Weekly Xarray Flexible Indexes Refactor Meeting Notes

Jan 11 Stephan: do we have a meeting today?
Deepak: I guess not?
Stephan: Yes, I guess not. I emailed Benoit.

December 7, 2021

Refactor concat (_dataset_concat internals):

  • _calc_concat_dim_coord
    • maybe return a PandasIndex instance too.
  • _calc_concat_over
    • If a meta-index is involved in concat_over, append to the latter all coordinate names related to the index (even coordinates that won't be concatenated). There's no need to merge coordinate variables that could possibly be created from the concatenated meta-index (i.e., returned by Index.concat()).
  • Merge unconcatenated variables
    • Merge unconcateneted indexes too
    • Use collect_variables_and_indexes and merged_collected directly for convenience (not sure about the impact on performance)
    • Need to add an argument in collect_variables_and_indexes so that we can skip concat_over
  • Stack-up variables
    • Check first for the presence of indexes, maybe concatenate the indexes (if Index.concat() is implemented) and create new coordinate variables from the resulting index (if Index.create_variables() is implemented)
    • Fallback to concat_vars()

November 23, 2021

Useful identity: ds == concat([ds.isel(x=slice(5)), ds.isel(x=slice(5, None))], dim='x')

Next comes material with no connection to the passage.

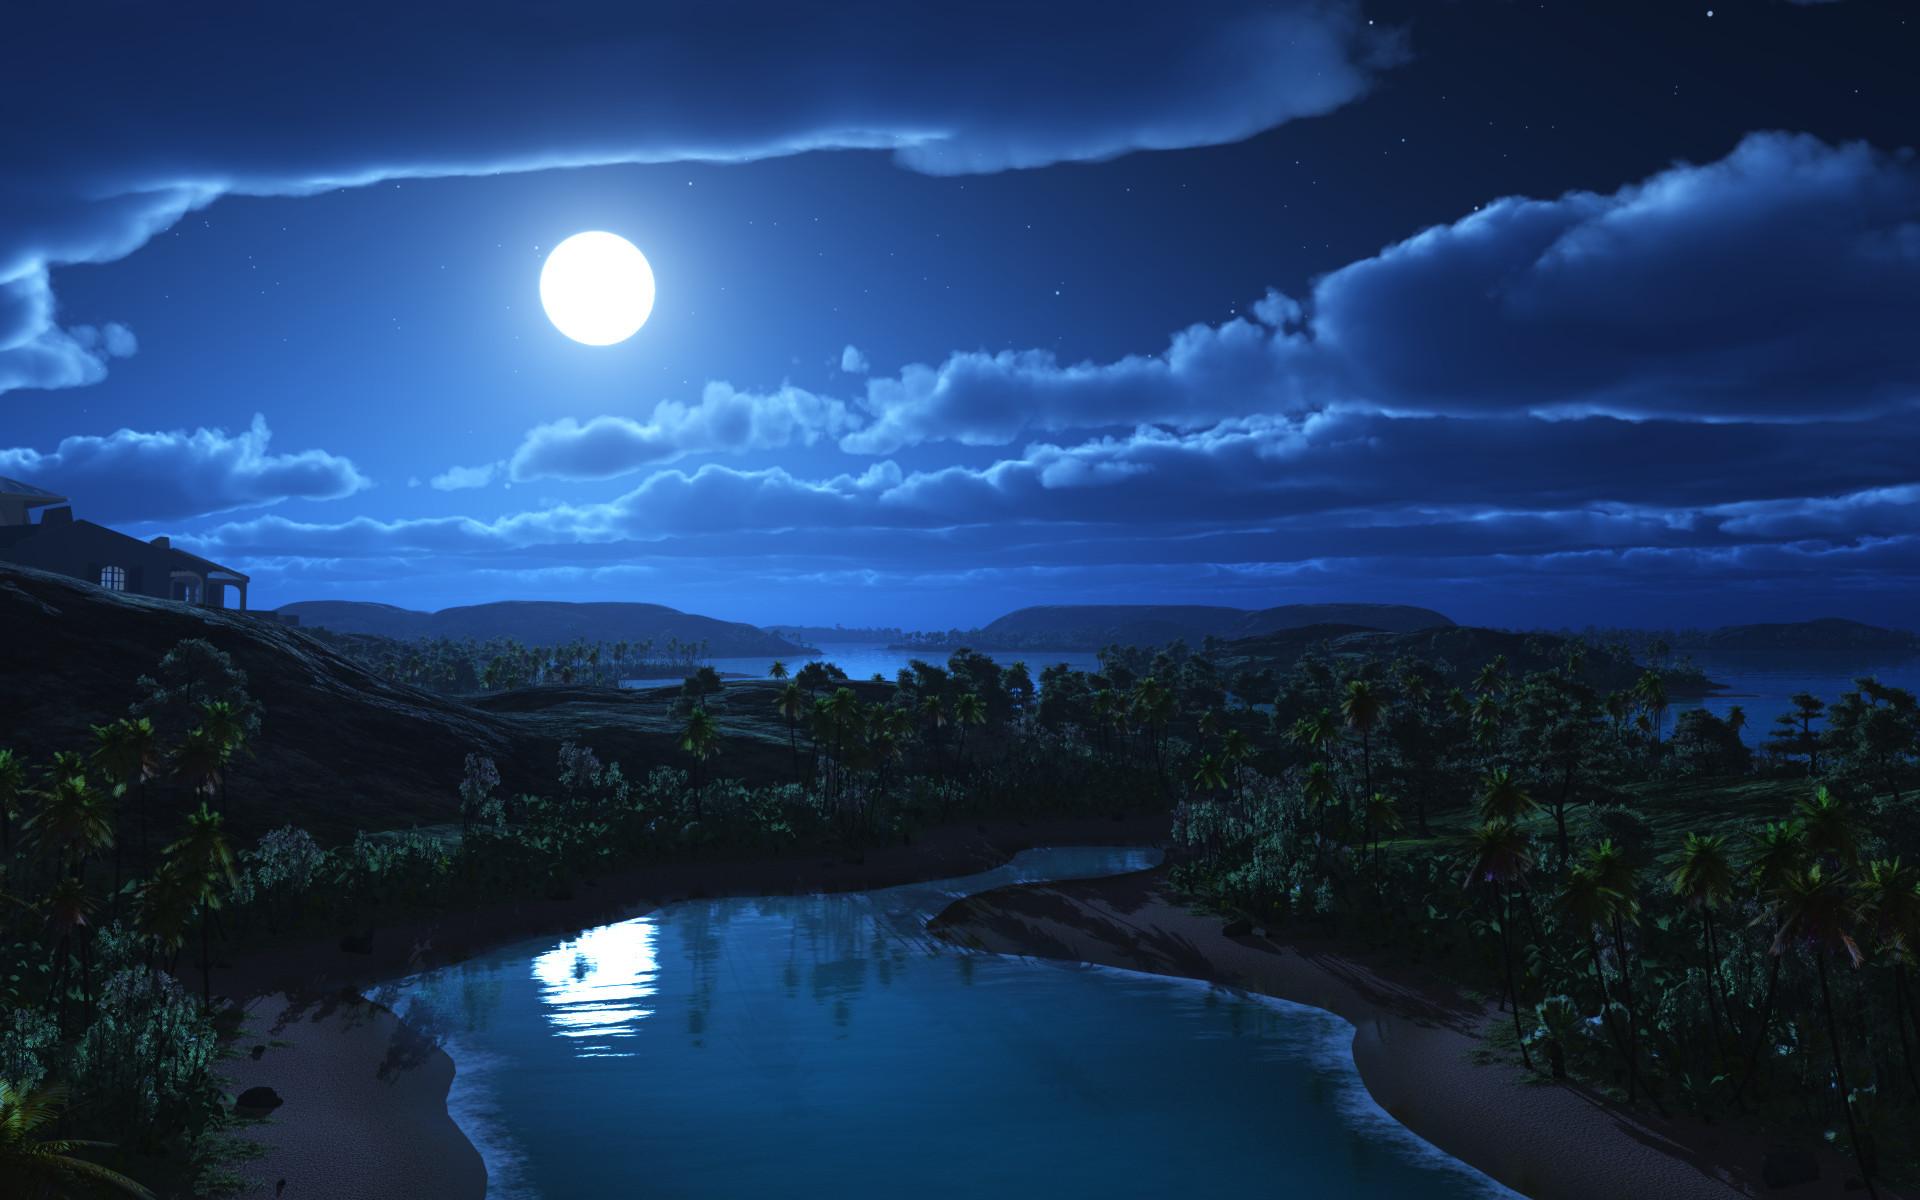 картинка обои ночь морю тирренкуру проходит

Do we need to refactor concat now? (IMO: yes)

  • Currently working, even for multi-indexes it yields consistent results (multiple coordinates with the same index object), although indexes wrapped in coordinate variables are not the same objects than indexes returned by ds.indexes.
  • However, it likely won't work when we'll drop implicit creation of indexes from coordinates in Dataset.__init__()
  • Performance issue: the same multi-indexes are concatenated together as many times as their levels (since concat works with one variable at a time)
  • Not compatible with "meta-indexes"

Refactor concat:

  • Add Index.concat abstract class method, which basically does the same internally than IndexVariable.concat. The latter won't be needed anymore.
  • If Index.concat is not implemented, index is dropped in the resulting Dataset or DataArray and fallback to coordinate variable(s) concat.
  • Like in the merge implementation, still loop trough variables and cache concat of multi-coordinate indexes
  • Xarray objects are already aligned internally in concat, so extracting the indexes to concat together should be relatively straightforward

November 09, 2021

Status: https://github.com/pydata/xarray/pull/5692

TODO:

  • refactor concat (+ dependents like groupby (combine) and to_stacked_array)
  • Fix tests
  • Clean-up

October 26, 2021

October 19, 2021

https://github.com/pydata/xarray/issues/5647

October 12, 2021

https://github.com/pydata/xarray/issues/5647#issuecomment-937865982

October 5, 2021

September 28, 2021

Status: https://github.com/pydata/xarray/pull/5692

TODO:

  • Remaining issues (70+ failing tests):

    • test_dataarray (swap_dims, update, etc.)
    • test_dataset (swap_dims, to_stacked_array, polyfill, isel, etc.)
    • test_plot (interval index + implicit coord creation)
    • test_backends (49 test failing locally but not on CI?)
    • test_dask (did not investigate yet)
    • test_groupby (did not investigate yet)
    • test_units (did not investivate yet)
  • Implicit Creation of coordinates from multi-index:

    • Struggling to find a robust approach: currently check for conflicts between levels and other coordinates, but "false negative" when passing all multi-index coordinates from an existing DataArray to a new DataArray
  • Should Xarray indexes provide optional implementation of isel?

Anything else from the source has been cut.